---- DATA SHOWN

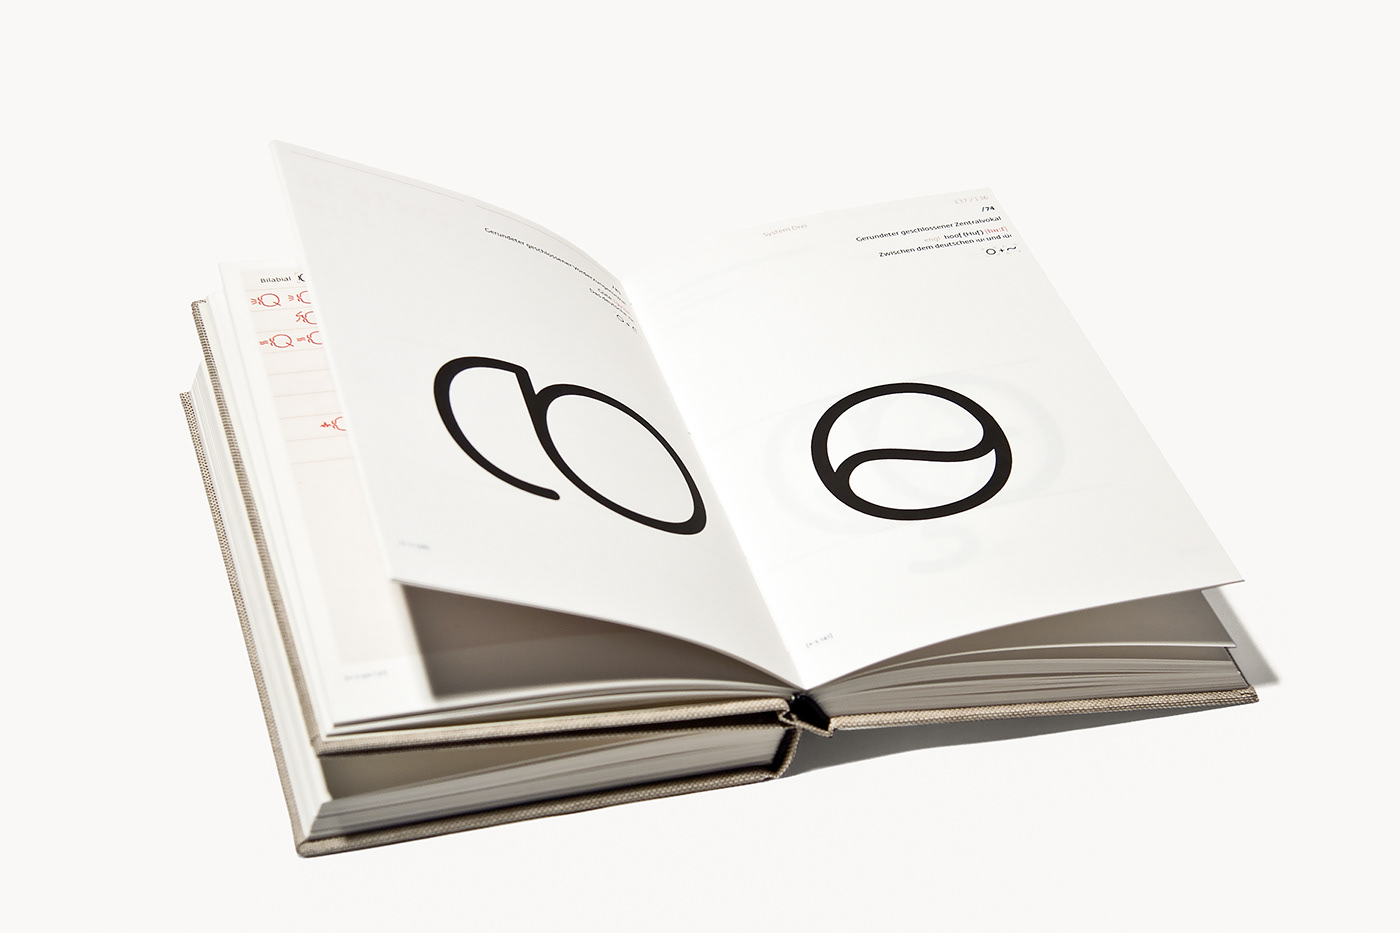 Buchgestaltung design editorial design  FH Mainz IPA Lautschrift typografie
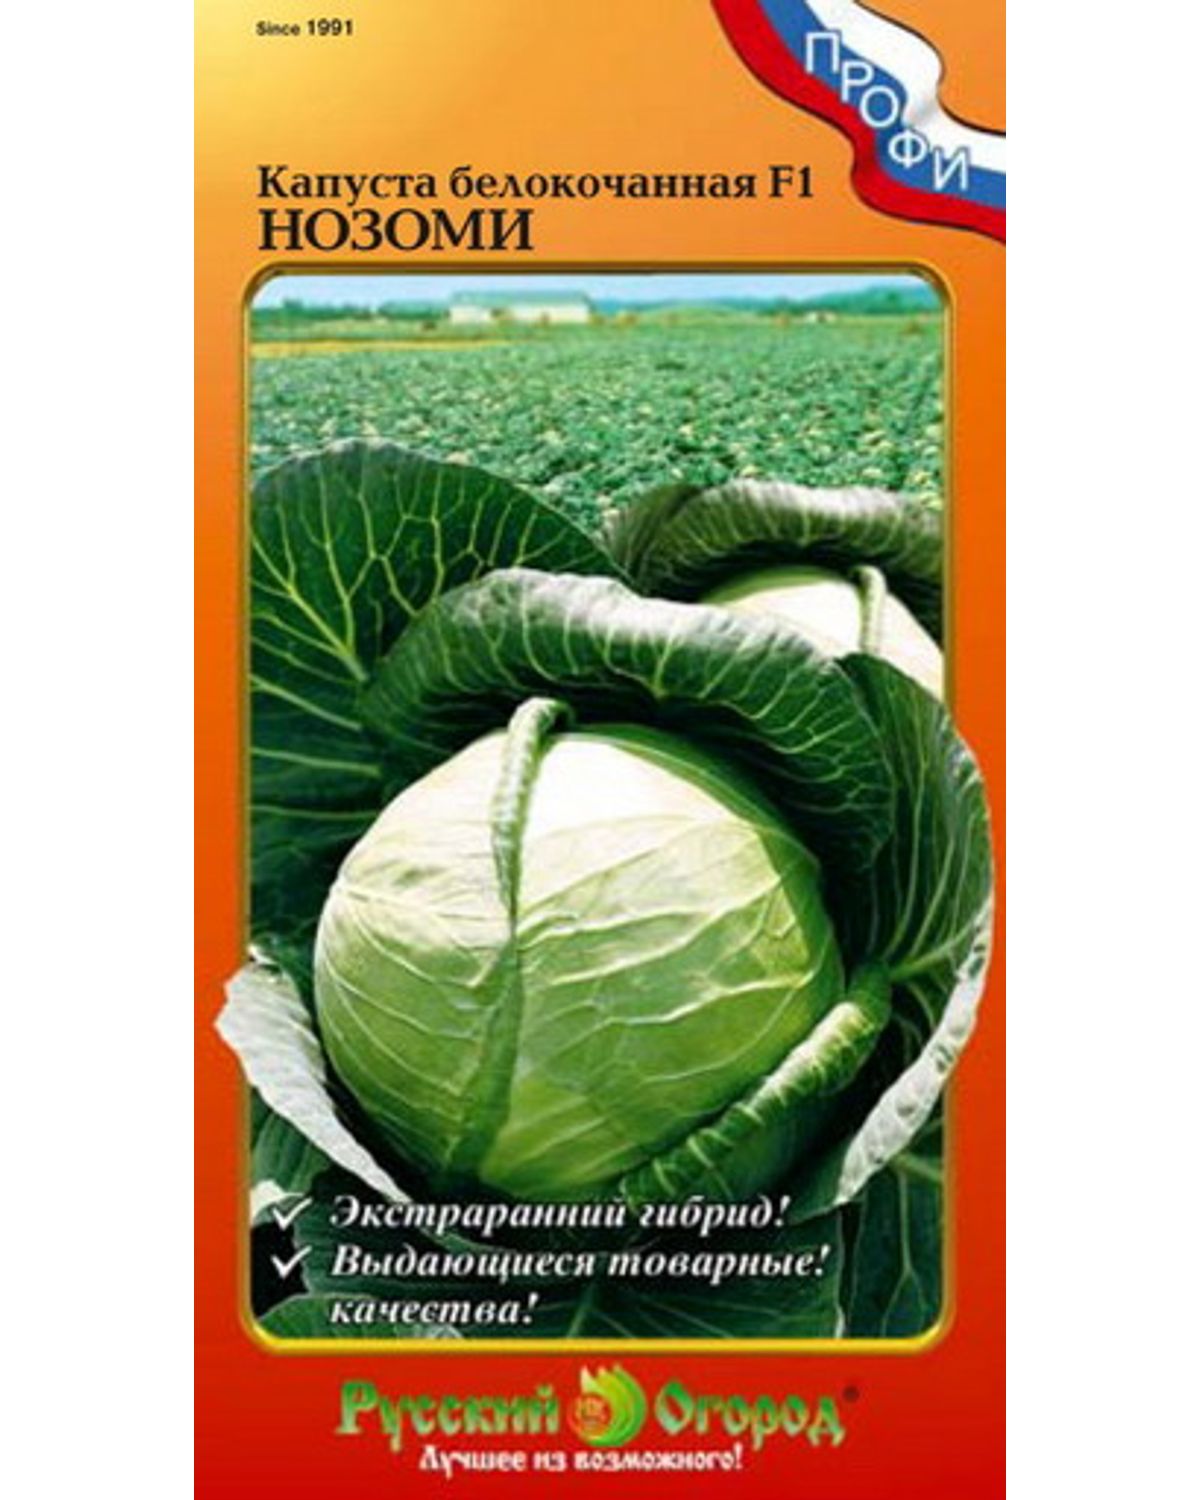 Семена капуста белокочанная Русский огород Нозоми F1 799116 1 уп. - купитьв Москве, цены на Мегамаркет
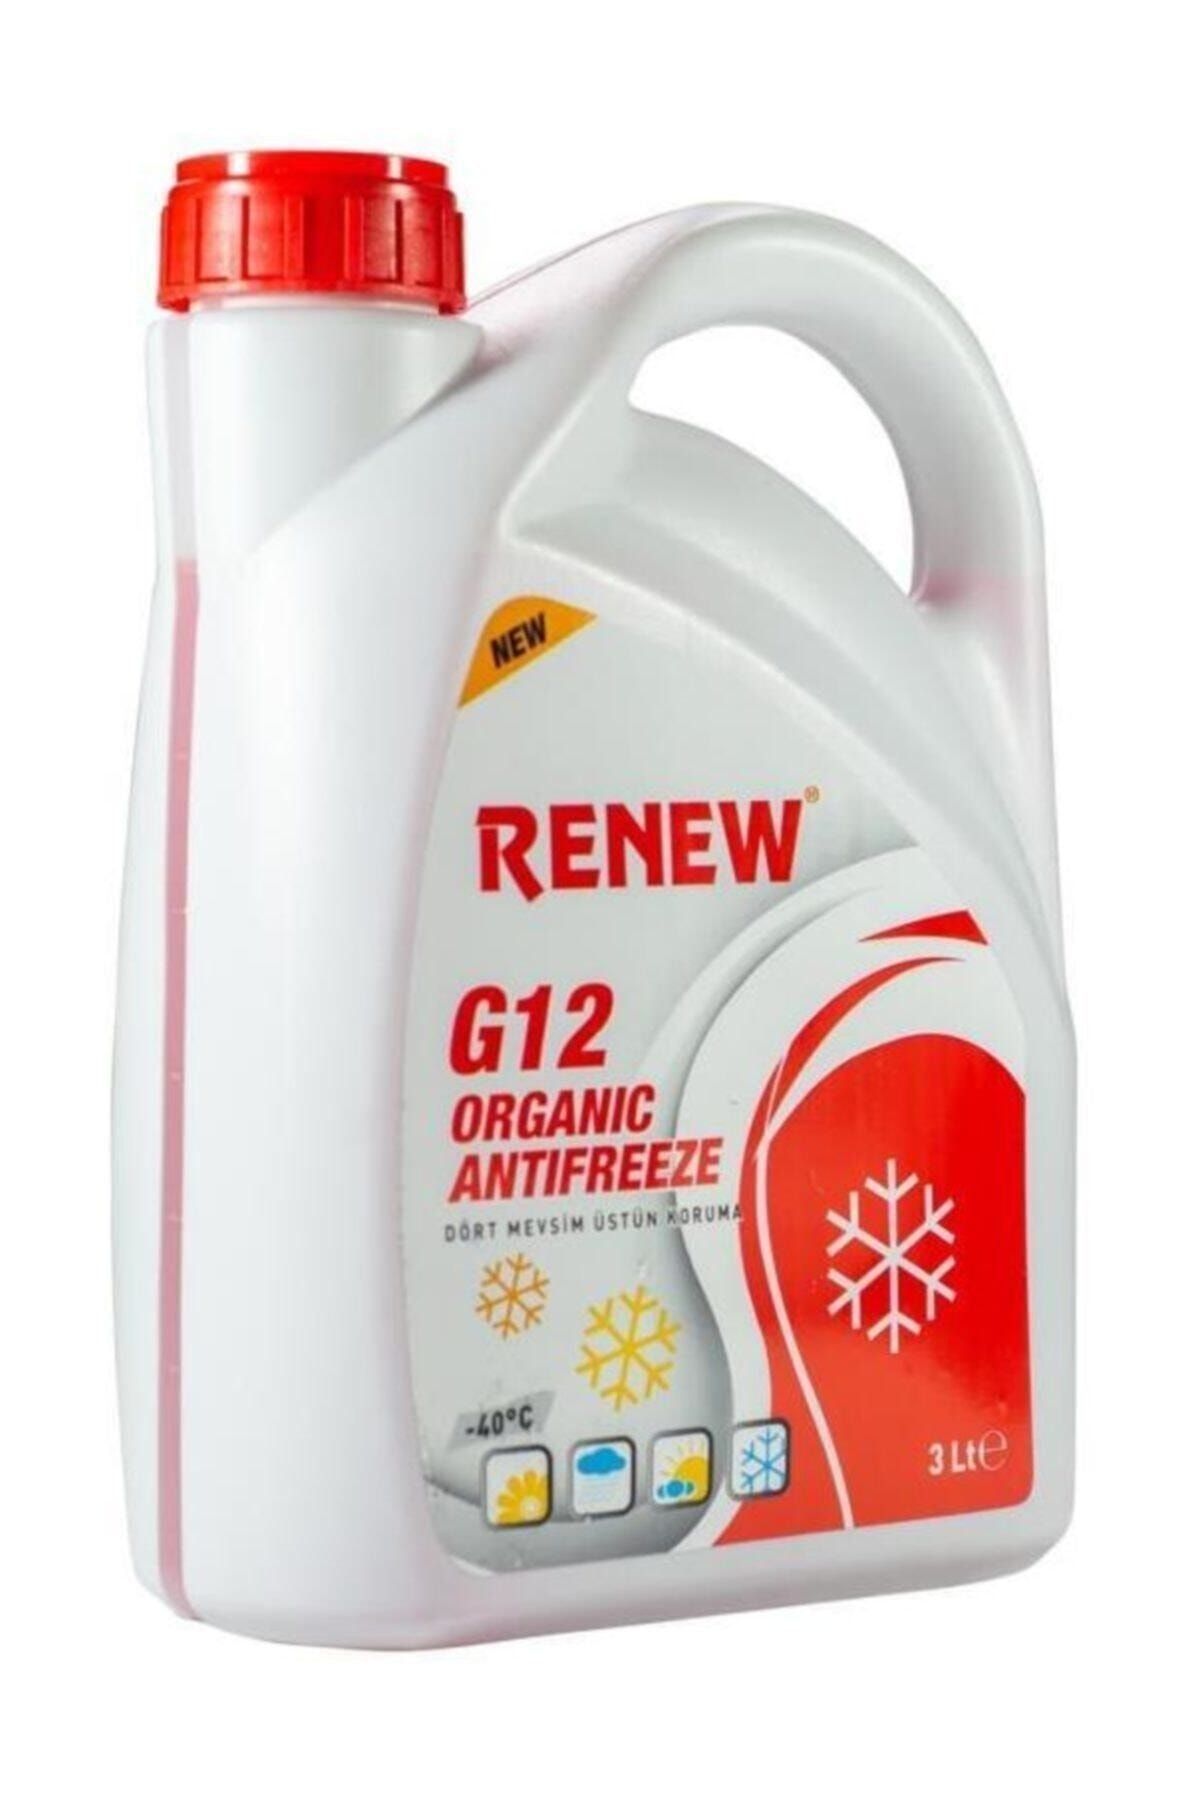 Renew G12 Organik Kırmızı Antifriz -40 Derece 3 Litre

--------

PROBLEM STATEMENT: Every line from the one containing "Семена капуста белокочанная" to the last line of the material must be returned exactly. Leave out any pictures.

TASK RESULT:
 Семена капуста белокочанная Русский огород Нозоми F1 799116 1 уп. - купитьв Москве, цены на Мегамаркет
 Renew G12 Organik Kırmızı Antifriz -40 Derece 3 Litre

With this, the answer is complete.